So, I have a 16 node cluster where every node has Spark and Cassandra installed with a replication factor of 3 and spark.sql.shuffle.partitions of 96. I am using the Spark-Cassandra Connector 3.0.0 for doing a repartitionByCassandraReplica.JoinWithCassandraTable
and then some SparkML analysis takes place. My question is what happens eventually with the spark partitions?
1st scenario
My PartitionsPerHost
parameter of repartitionByCassandraReplica
is numberofSelectedCassandraPartitionkeys which means if I choose 4 partition keys I get 4 partitions per Host. This gives me 64 spark partitions because I have 16 hosts.
2nd scenario
But, according to the Spark Cassandra connector documentation, information from system.size_estimates
table should be used in order to calculate the spark partitions. For example from my system.size_estimates
:
estimated_table_size = mean_partition_size x number_of_partitions
= (24416287.87/1000000) MB x 332
= 8106.2 MB
spark_partitions = estimated_table_size / input.split.size_in_mb
= 8106.2 MB / 64 MB
= 126.6593 partitions
so, when does the 1st scenario takes place and when the second? Am I calculating something wrong?
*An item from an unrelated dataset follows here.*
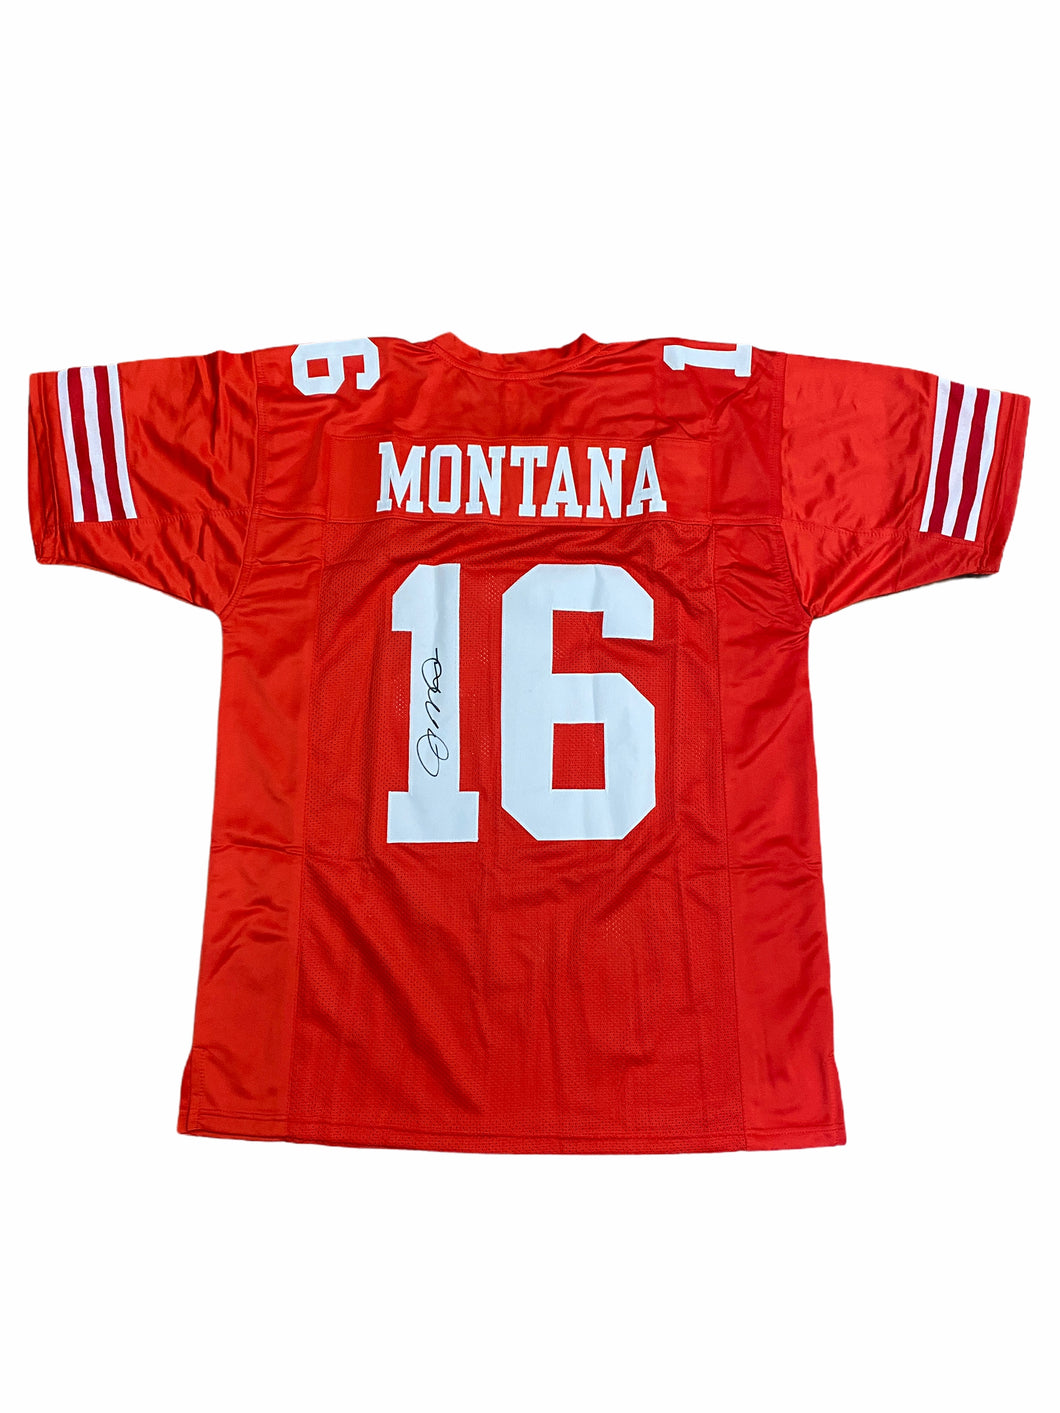 Jersey / 49ers / Joe Montana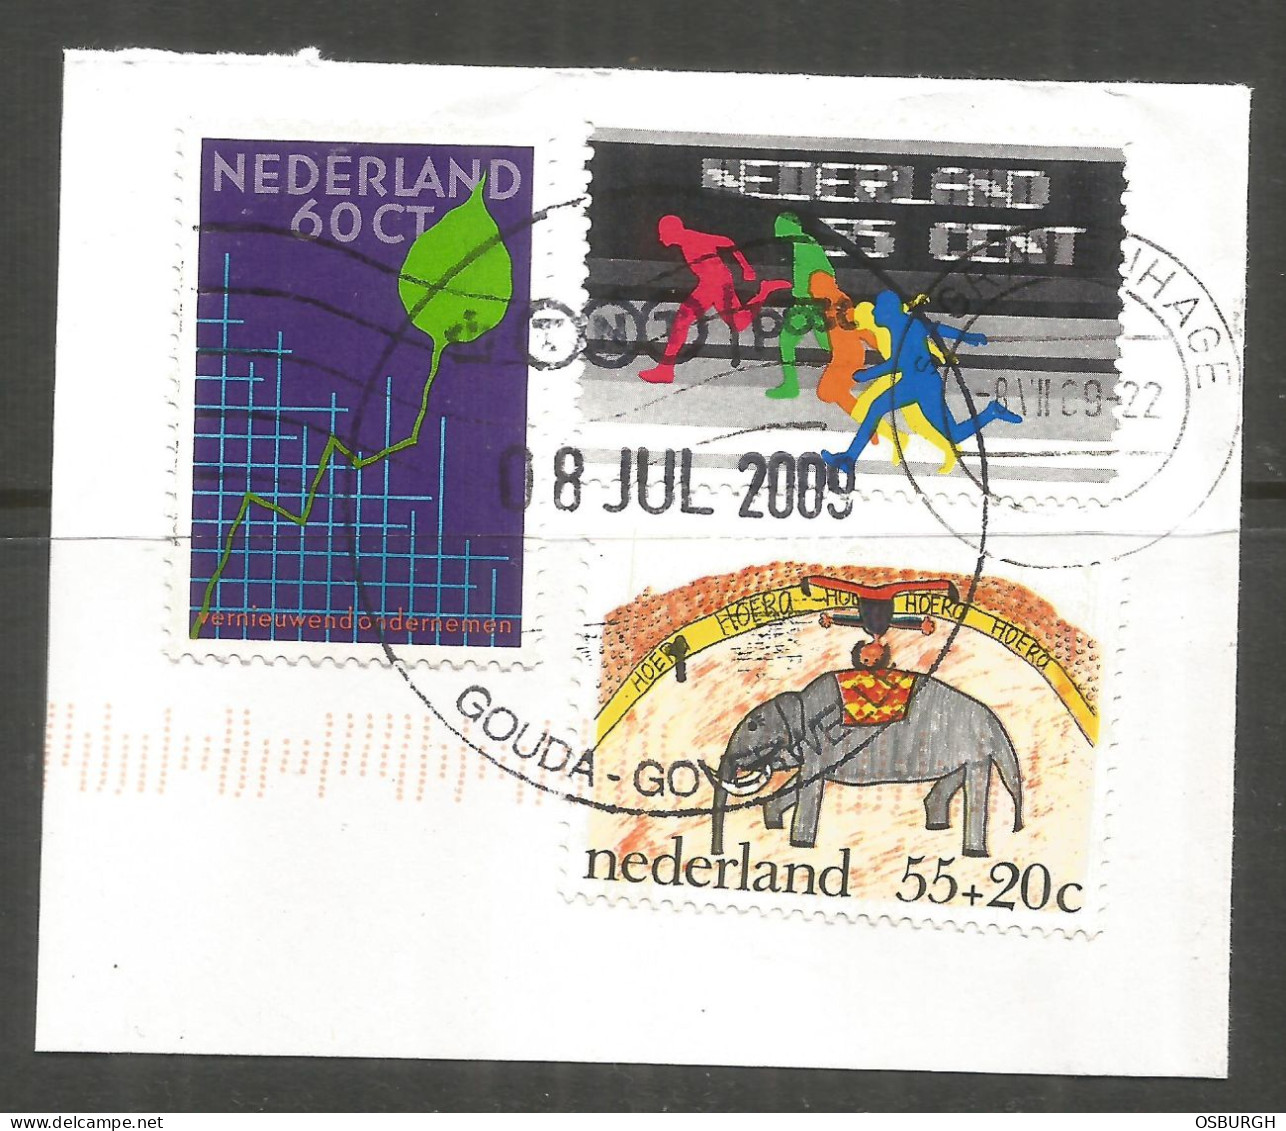 NETHERLANDS. 2009. STAMPS USED ON PIECE. GOUDA POSTMARK. ELEPHANT. - Usati

Is there specific cases where the 1st scenario happens and other cases the 2nd?
CodePudding user response:
Those are two completely different paths by which the number of Spark partitions are calculated.
If you're calling repartitionByCassandraReplica()
, the number of Spark partitions are determined by both partitionsPerHost
and the number of Cassandra nodes in the local DC.
Otherwise, the connector will use input.split.size_in_mb
to determine the number of Spark partitions based on the estimated table size. Cheers!